In der Programmvorschau 2022/2023 des Festspielhaus St. Pölten kündigen Sie ein markantes, kontroverses, originelles, spartenübergreifendes und gelegentlich gewagtes Programm mit internationalem Angebot und internationale Kooperationen an. Das hat natürlich auch mit der Zeit der Pandemie zu tun, dass ich oft in diesem leeren Haus und im leeren Zuschauerraum war und mich immer wieder gefragt habe: Wer ist denn eigentlich das Publikum, das hierherkommt? Wer sind die Menschen, was haben sie gesehen, was erwarten sie, was mögen sie, was hassen sie? Schon allein wegen der Größe dieses Hauses ist es klar, dass das Angebot, das wir machen, viele Menschen ansprechen muss.

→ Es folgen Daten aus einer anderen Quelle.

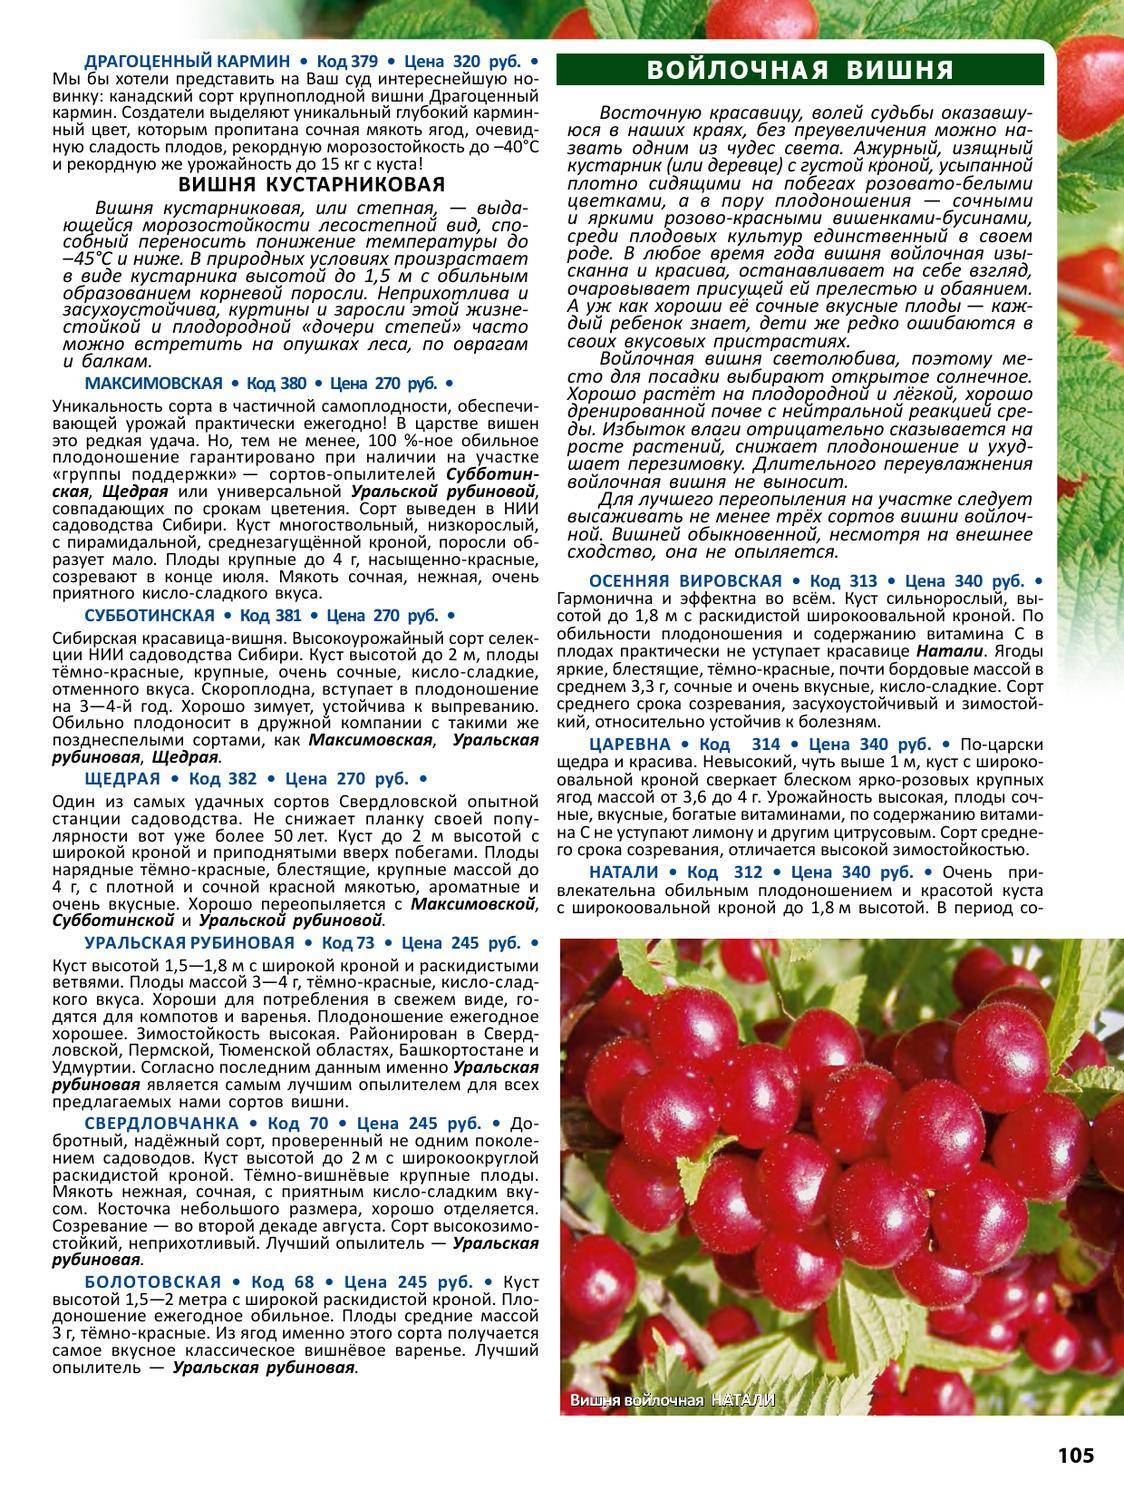 ✅ о вишне кармин джуэл: описание и характеристики сорта, уход и выращивание

Ich glaube, dass es in unserer heutigen Zeit eine Herausforderung ist, dass man wieder eine gemeinsame Mitte findet, weil wir derzeit gewohnt sind, uns in unserer eigenen Nische aufzuhalten. Man hat keine Übung mehr, sich mit Andersdenkenden, -sprechenden, -fühlenden auseinanderzusetzen. Die Aufgabe ist es, ein Programm zu gestalten, bei dem vielleicht manchmal ein paar unserer Gäste denken: Aha, warum hat sie den jetzt eingeladen? – aber ich hoffe auch, dass sie darin etwas finden werden, womit es für sie wert ist sich auseinanderzusetzen und einen Abend zu verbringen.